Seminar on Numerical Methods
Joint with Statistics Seminar
Speaker: Mikhail Zaslavsky
Title: Schlumberger-Doll Research
Title: Clustering of graph vertex subset via Krylov subspace model reduction
ABSTRACT: Clustering via graph-Laplacian spectral imbedding is ubiquitous in data science and machine learning. It provides a low dimensional parametrization of the data manifold which makes the subsequent clustering (with, say, k-means or any of its approximations) much easier. However, it becomes less efficient for large data sets due to two factors. First, computing the partial eigendecomposition of the graph-Laplacian typically requires a large Krylov subspace. Second, after the spectral imbedding is complete, the clustering is typically performed with various relaxations of k-means, which may lose robustness with respect to the initial guess, become prone to getting stuck in local minima and scale poorly in terms of computational cost for large data sets.

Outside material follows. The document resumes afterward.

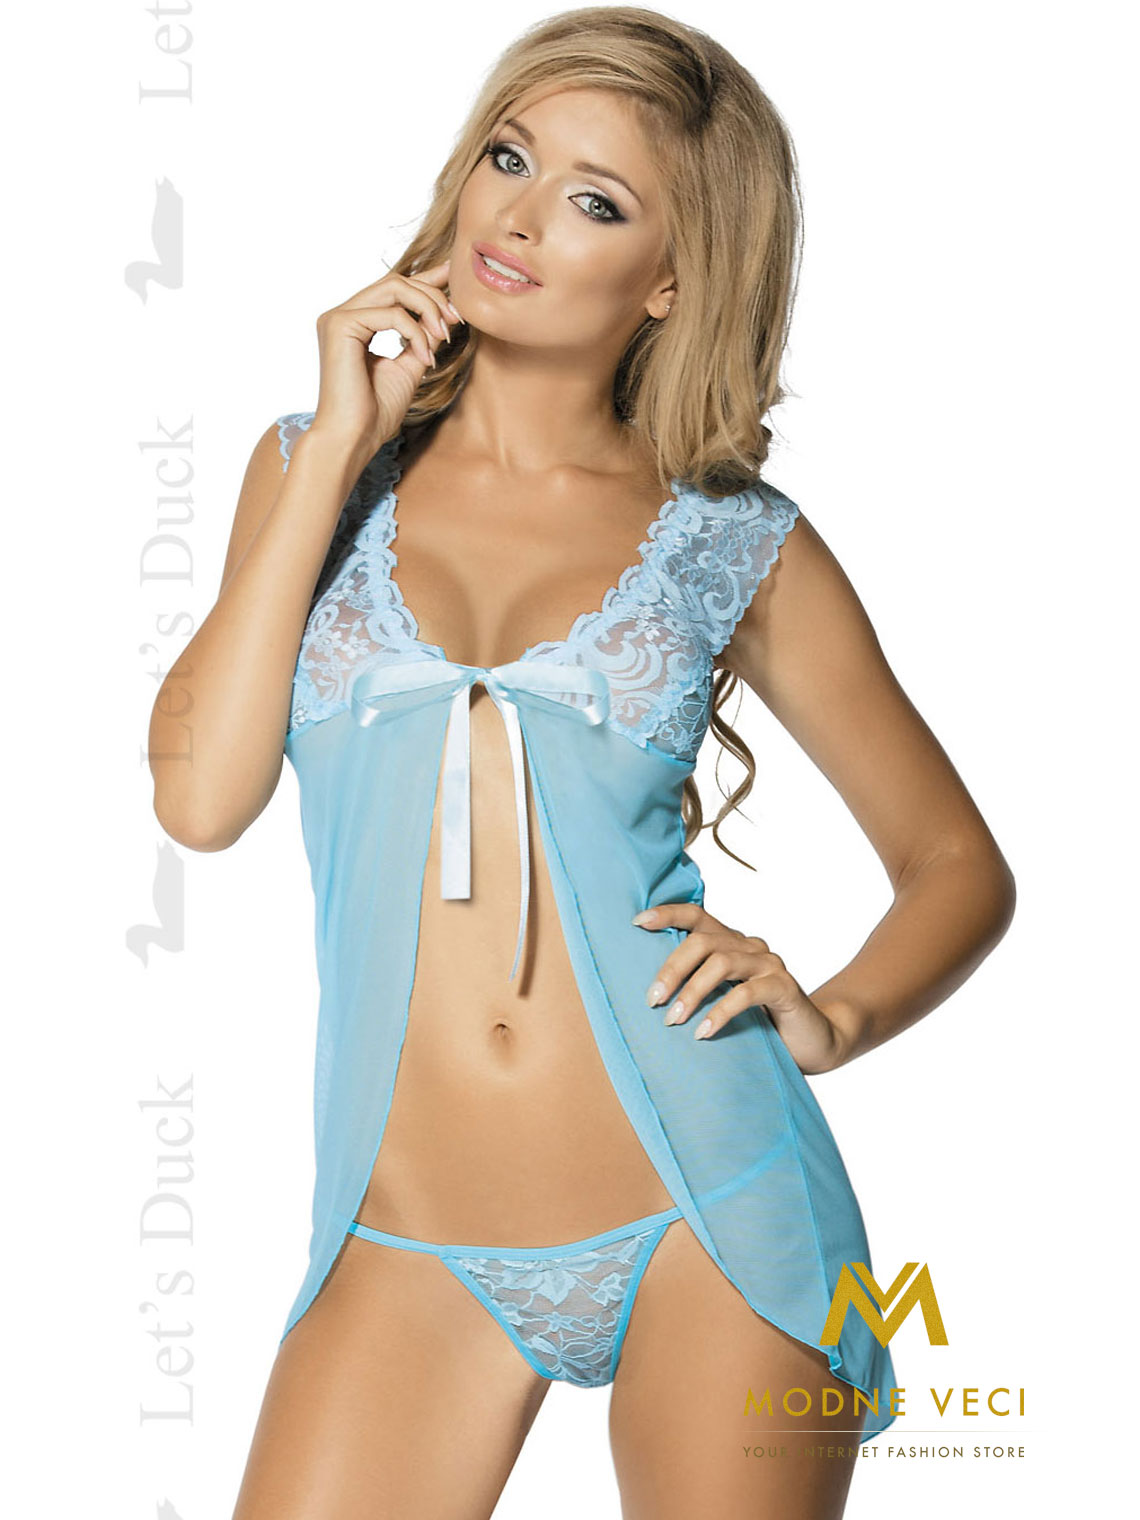 4e731a400c68 Luxusné dámske spodné prádlo košielka

Normalized graph-Laplacian is intimately related to the random walk on the graph, and we will exploit this connection in our algorithms. In particular, we propose two novel algorithms for spectral clustering of a subset of the graph vertices (target subset) based on the theory of model order reduction. They rely on realizations of a reduced order model (ROM), that accurately approximates the transfer function of the random walk on the original graph for inputs and outputs restricted to the target subset. While our focus is limited to this subset, our algorithms produce its clusterization that is consistent with the overall structure of the graph and thus with the full graph clustering if one would perform such. In particular, it preserves such parameters of the random walk on the full graph as diffusion and commute-time distances between subset nodes. Moreover, working with a small target subset reduces greatly the required dimension of Krylov subspace and allows to exploit the approximations of k-means in the regimes when they are most robust and efficient.
There are several uses for our algorithms. First, they can be employed on their own to clusterize a representative subset in cases when the full graph clustering is either infeasible of simply not required. Second, they may be used for quality control and filtering of noisy data, i.e., outliers. Third, as they drastically reduce the clustering problem size, they enable the application of more sophisticated and powerful approximations of k-means like those based on semi-definite programming (SDP) instead of the conventional Lloyd's algorithm. Finally, they can be used as building blocks of a divide-and conquer type algorithm for the full graph clustering (in progress).
I'll provide the results of numerical experiments with synthetic data as well as real-world statistical data for companies email connections and for citations in ArXiv repository. Time permitting, I'll discuss preliminary results for ongoing project with financial statistics of the stock market data.
This is joint work with Vladimir Druskin (Worcester Polytechnic Institute) and Alexander Mamonov (University of Houston).